** DATASET CONTENT **
= Beginning of Section =
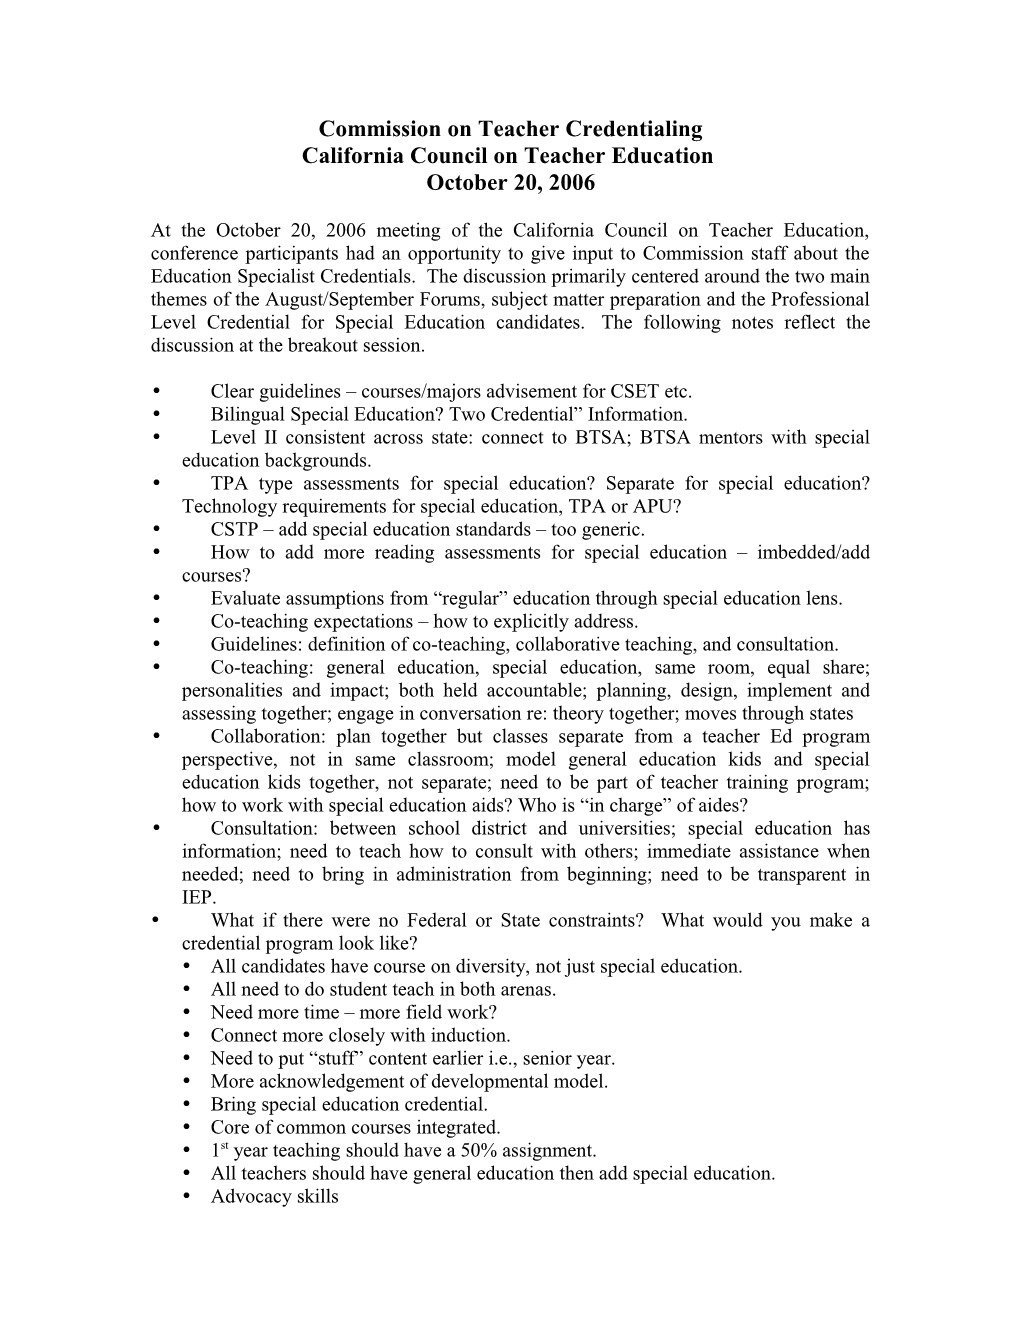 October 20, 2006 CCTE Field Input (Credentialing Process)
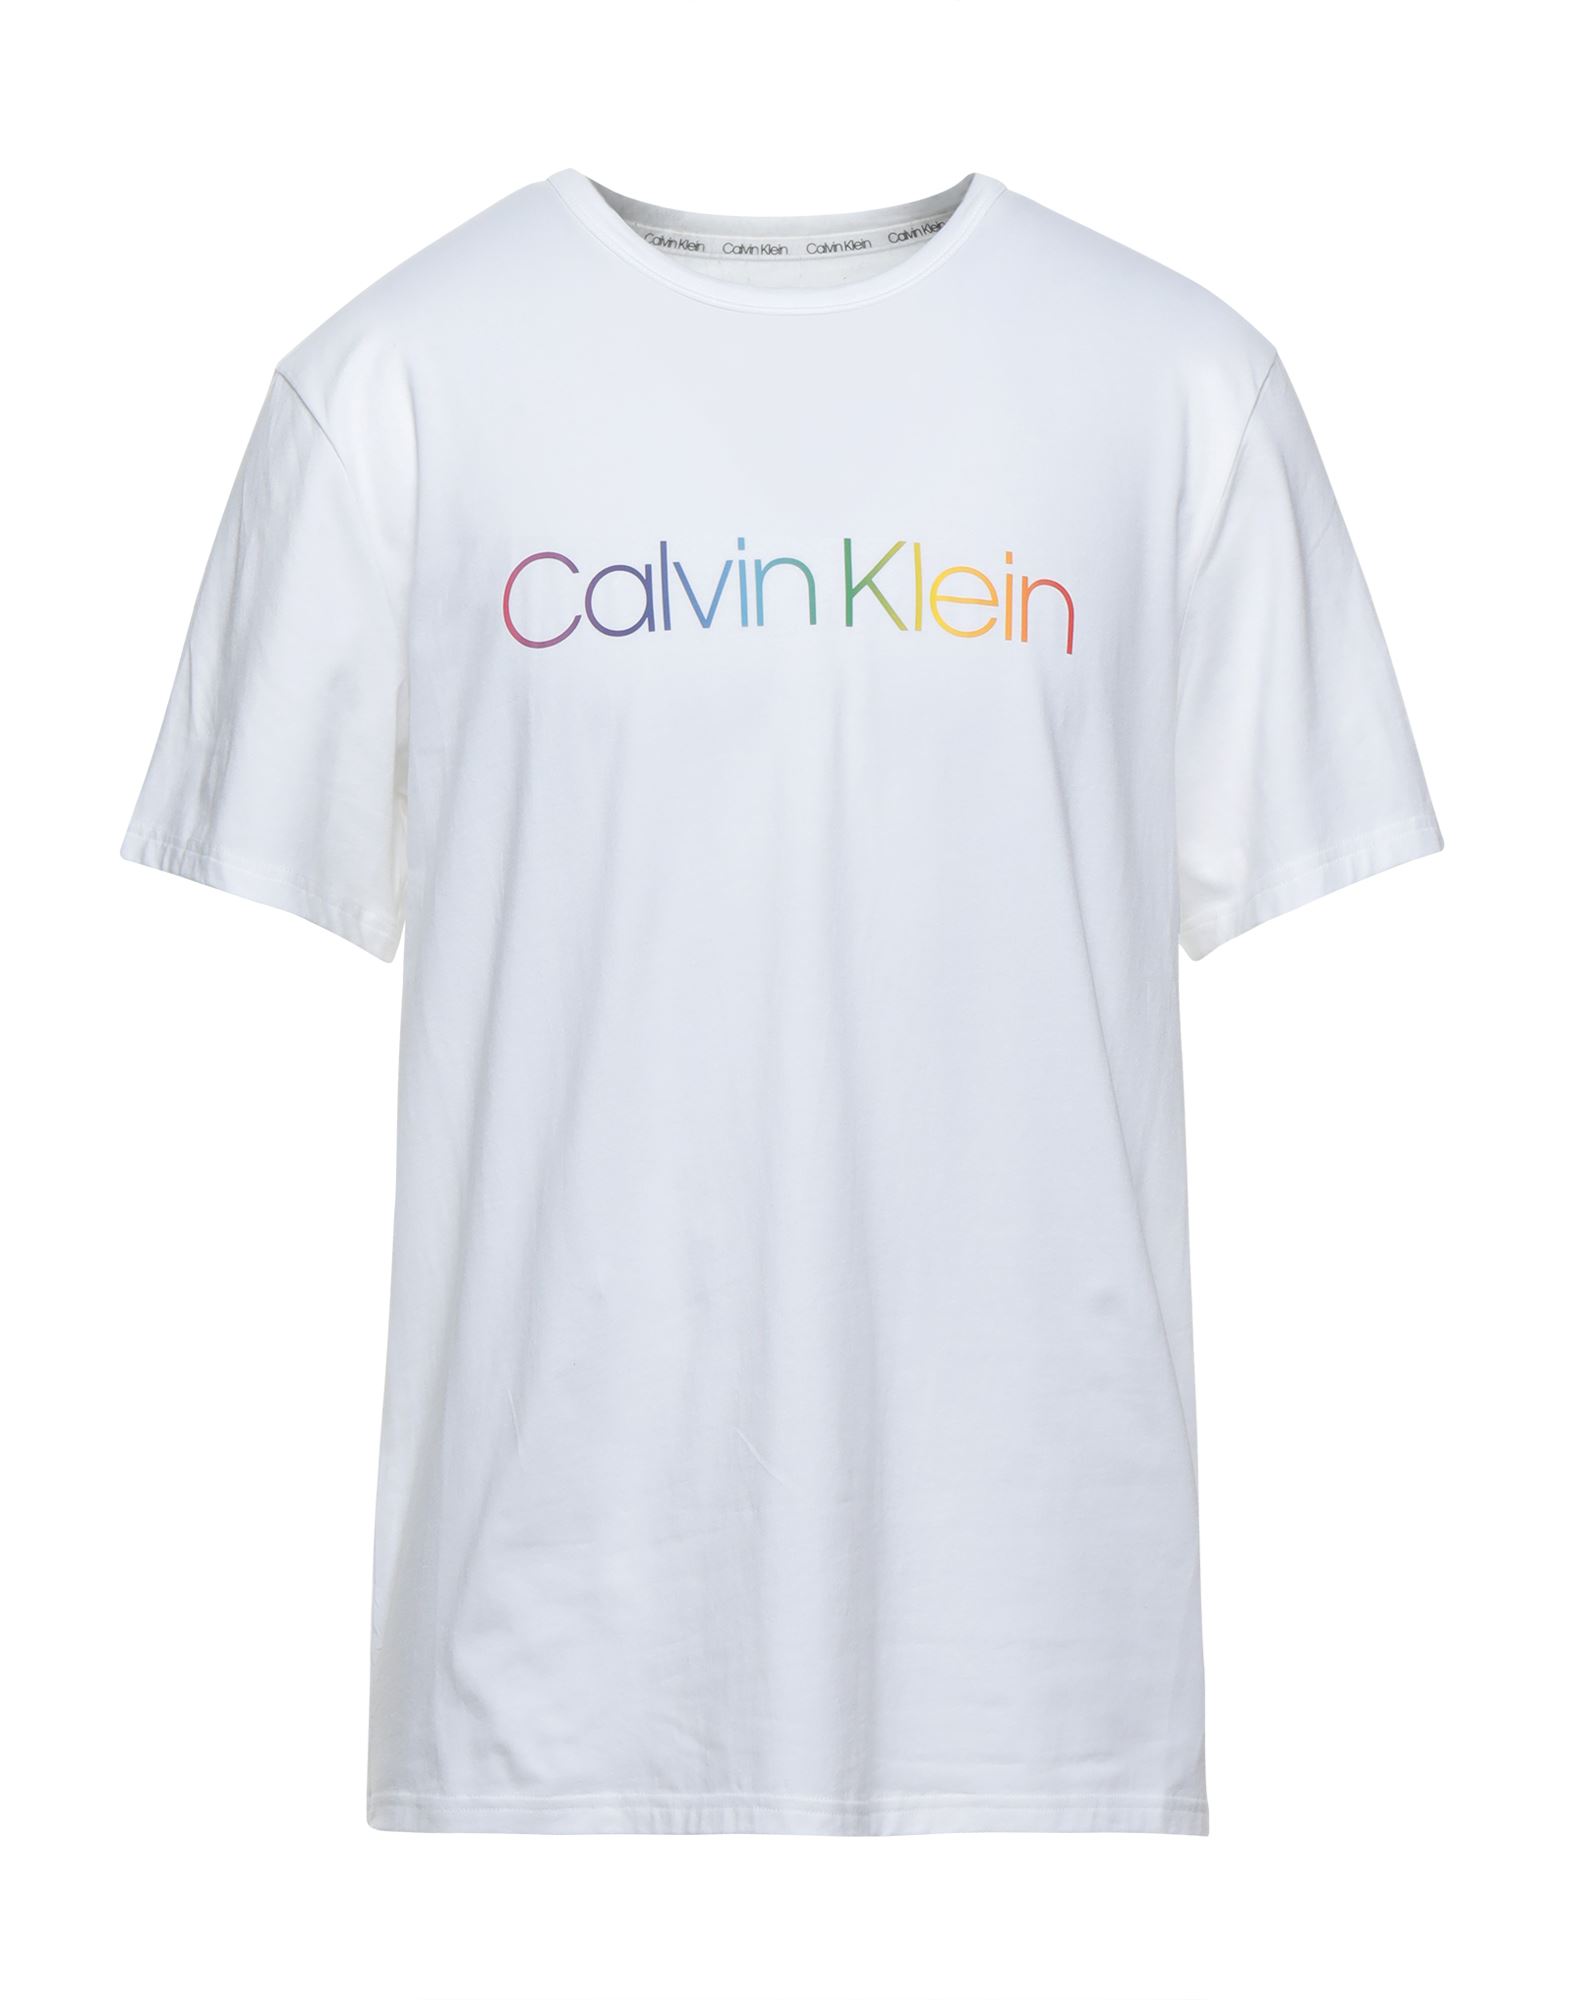 CALVIN KLEIN Футболка calvin klein футболка
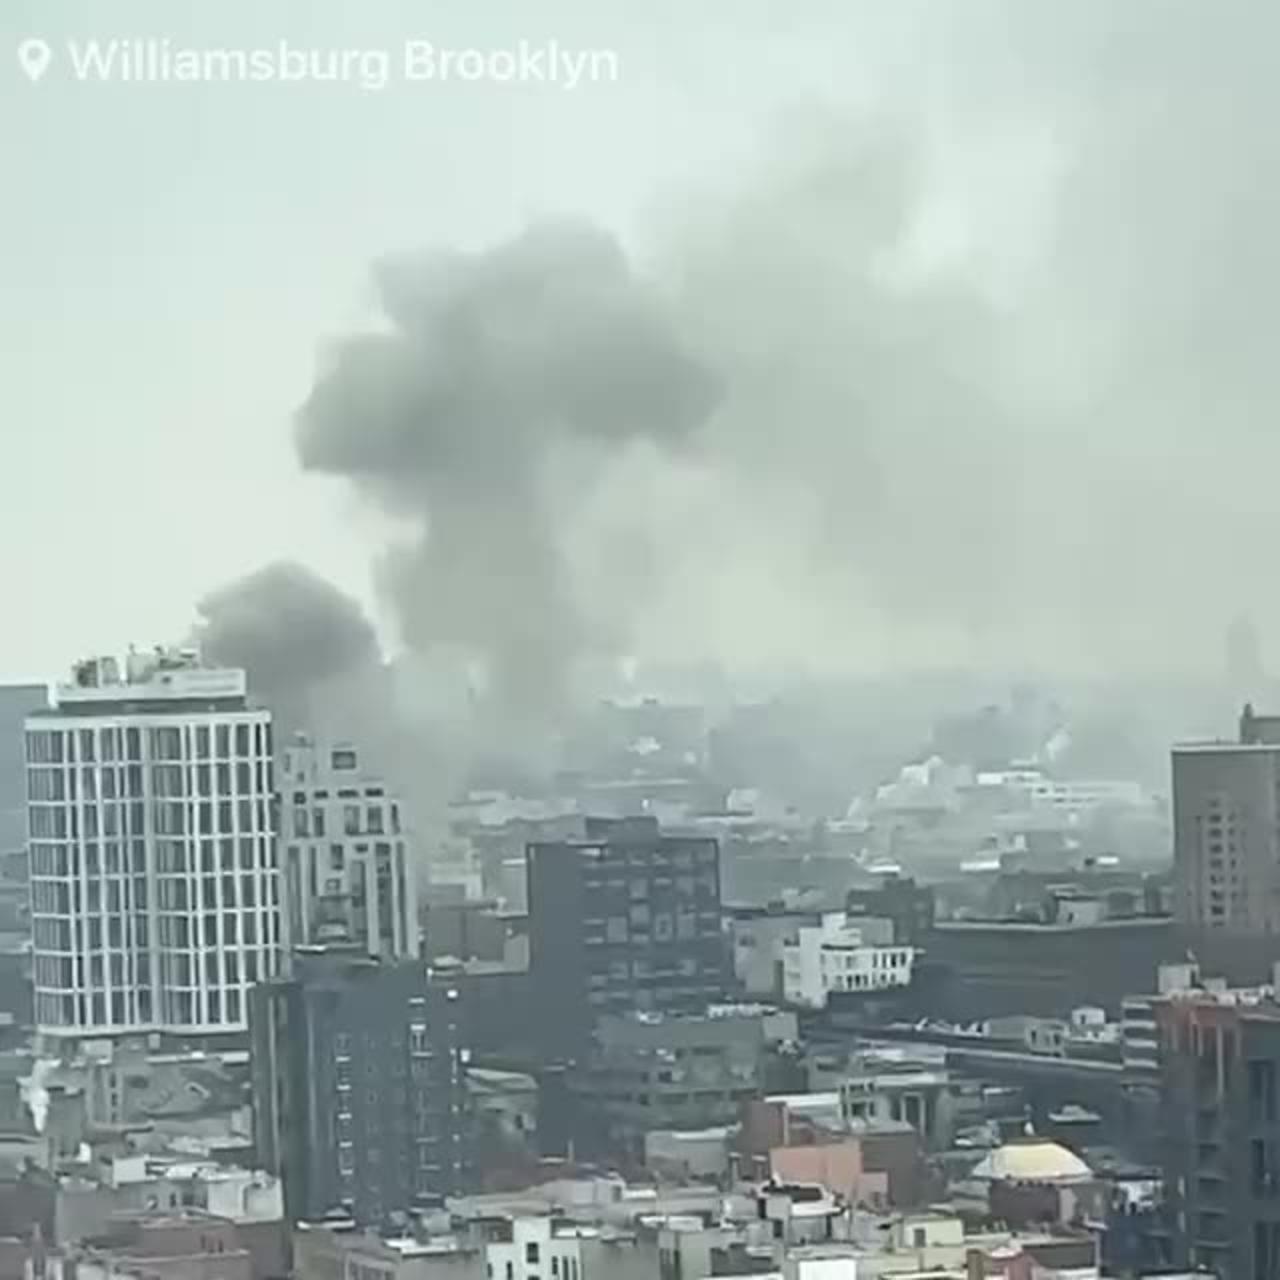 A Massive fire breaks out a Brooklyn Lumber Storage Warehouse
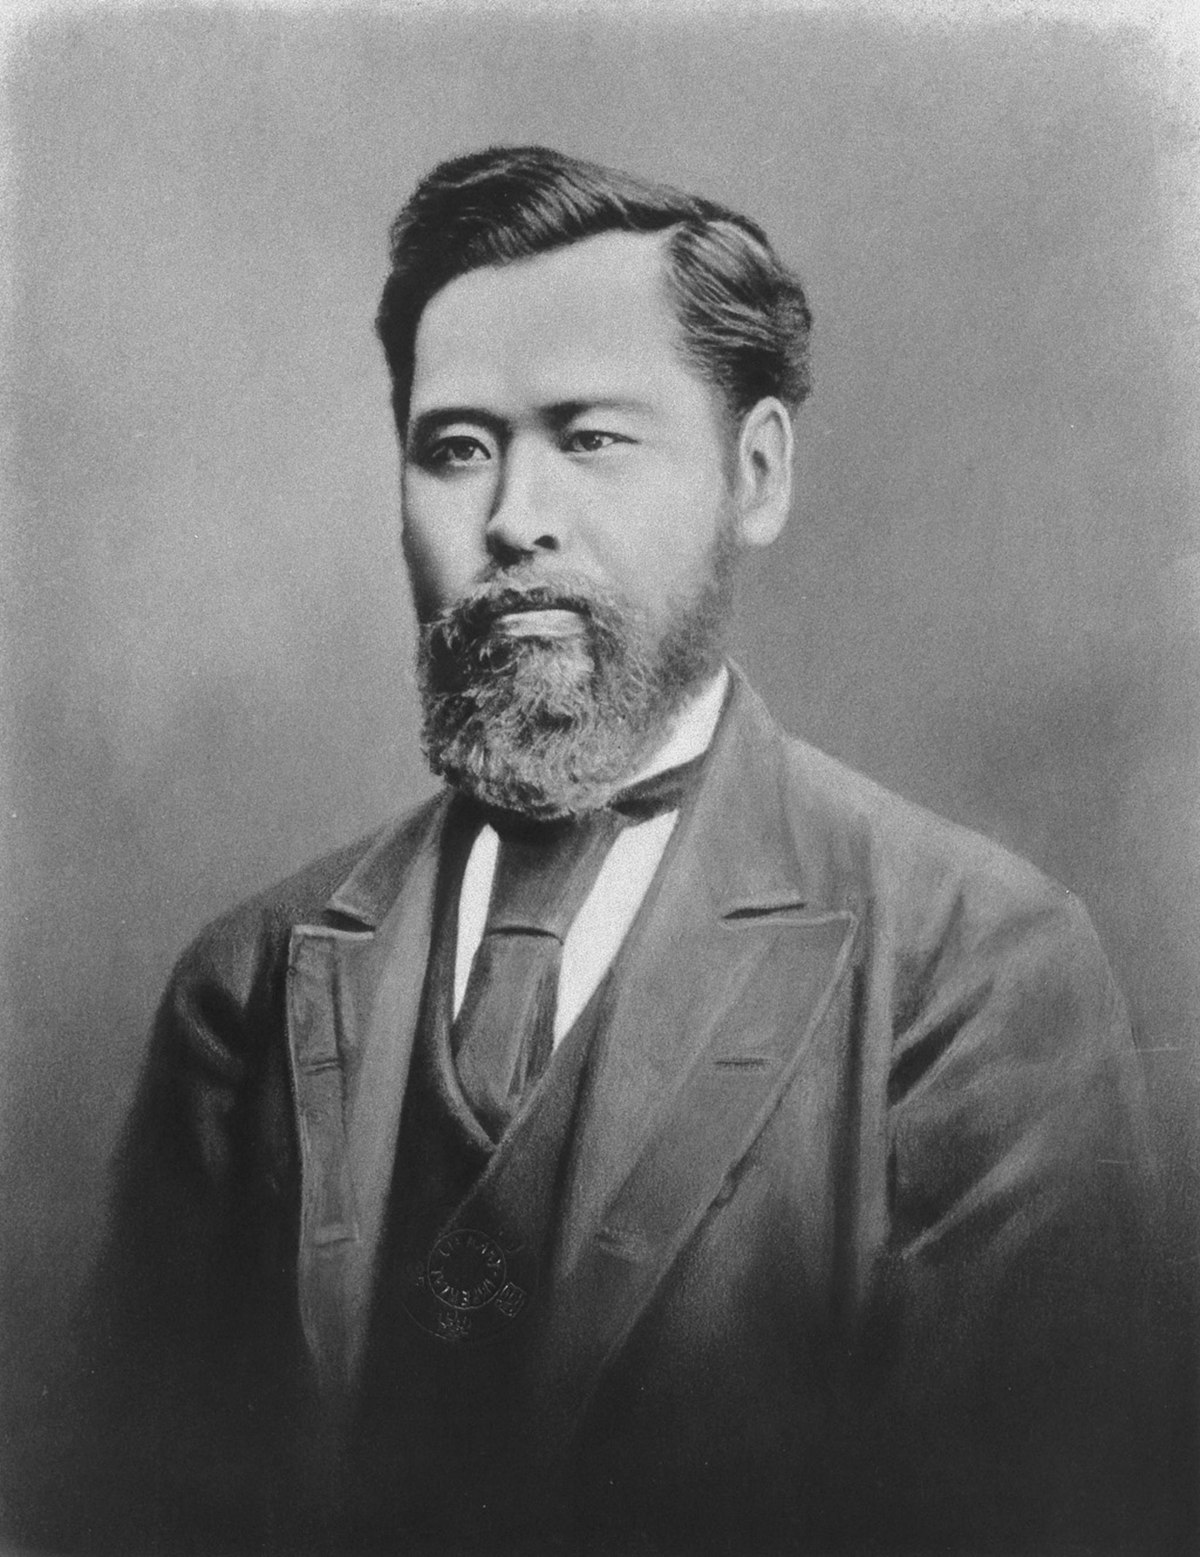 Education Policy in the Meiji Era
= End of Section =
** EXERCISE DESCRIPTION **
What the answer must hold is the exact text of every line from the one containing "A Massive fire" through the end of the data, minus any pictures.

** EXPECTED OUTPUT **
 A Massive fire breaks out a Brooklyn Lumber Storage Warehouse
 Education Policy in the Meiji Era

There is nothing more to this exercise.